I've parsed out the exons:

 '194[194]:265[265]:72[72]',
 '311[314]:358[358]:48[45]',
 '406[412]:498[498]:93[87]',
 '516[537]:593[593]:78[57]',
 '628[628]:1002[1002]:375[375]',
 '1129[1129]:1254[1254]:126[126]',
 '1272[1287]:1481[1481]:210[195]',
 '1695[1695]:1877[1877]:183[183]',
 '1904[1907]:2122[2122]:219[216]',
 '2139[2157]:2282[2282]:144[126]'

I'm reading this section of your docs: https://github.com/soedinglab/metaeuk/#the-metaeuk-header

>T_acc|C_acc|S|bitscore|E-Value|number_exons|low_coord|high_coord|exon1_coords|exon2_coords|...

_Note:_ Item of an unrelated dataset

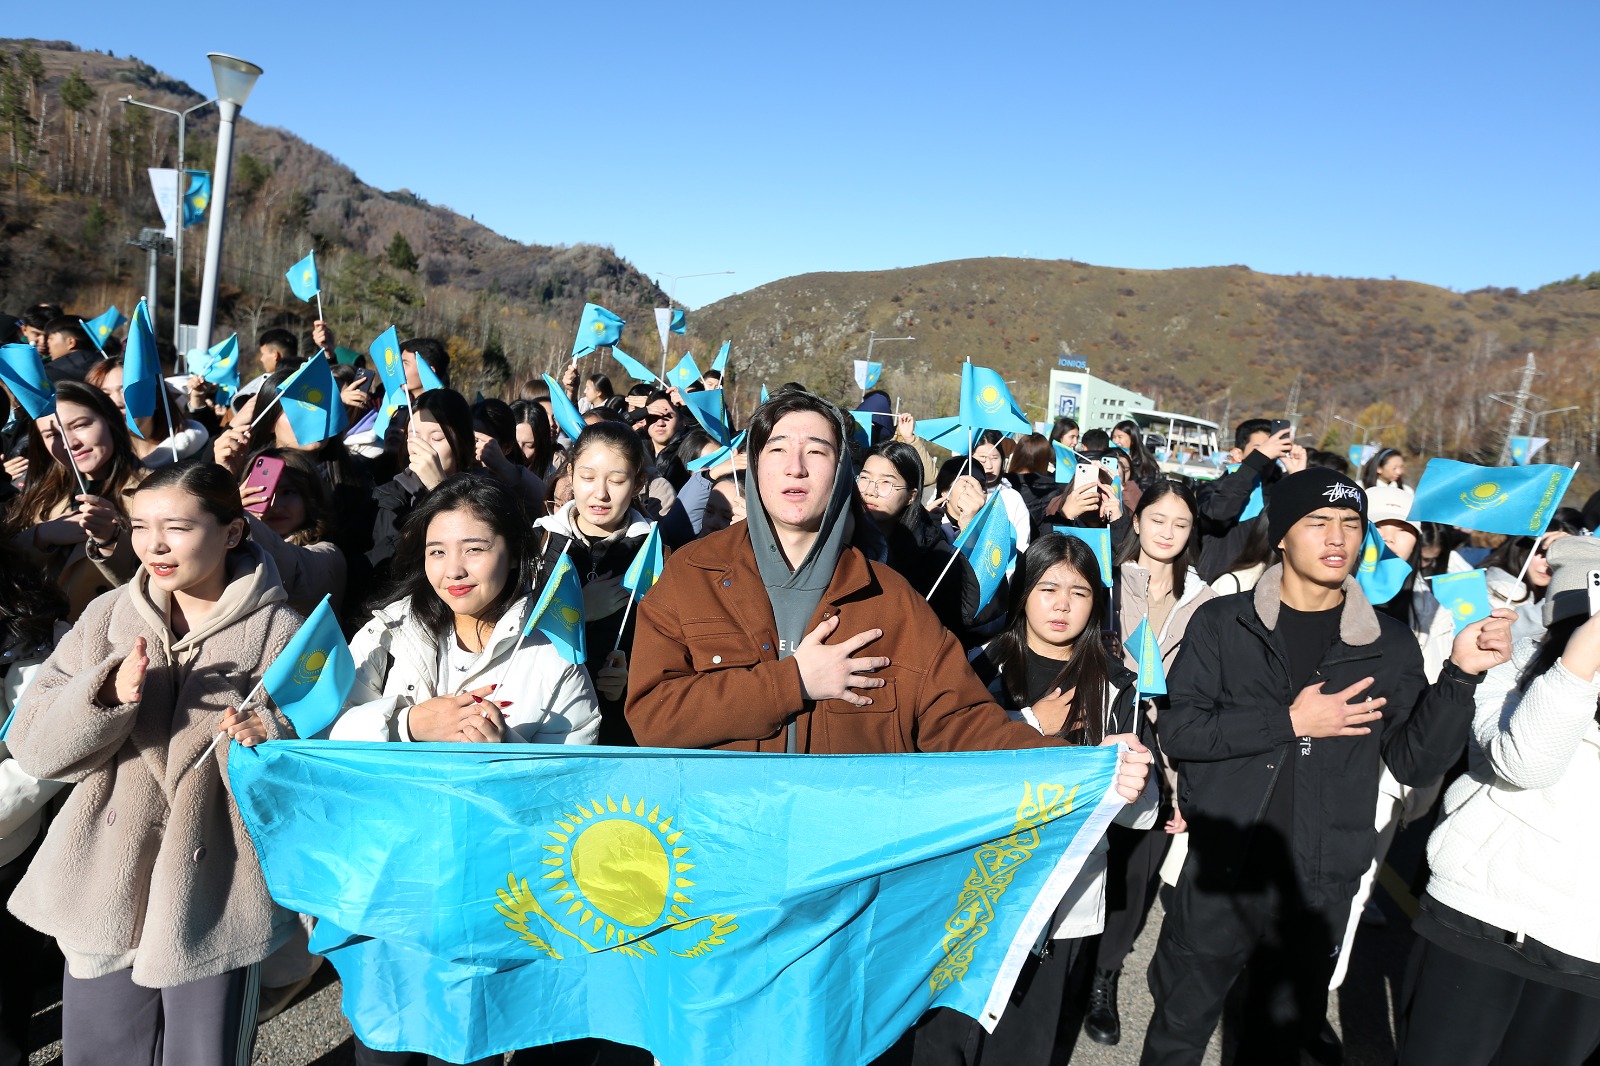 Kazakhstanъs population has reached 20 million and is going through changes

coord refers to the coordination on the contig (first base has coordinate 0). It is advisable to keep T_acc and C_acc short and without pipes. The exon_coords are of the structure: low[taken_low]:high[taken_high]:nucleotide_length[taken_nucleotide_length]

Since MetaEuk allows for a very short overlap on T of two putative exons (see P2 and P3 in the illustration below), when joining the sequences of the exons, one of them is shortened. The coordinates of the codons taken from this exon will be in square brackets ([taken_low], [taken_high] and [taken_nucleotide_length]). These refer to the orange section of P3 below, while the coordinates outside the brackets refer to the yellow+orange section of P3.

The exon positions make sense since you just add 1 to offset. What I don't understand are the following:

  • Why are there multiple CDS?
  • Why do the CDS use the inner brackets?
  • What is more useful for mapping and quantifying gene counts? The inner or outer brackets or some combination of both?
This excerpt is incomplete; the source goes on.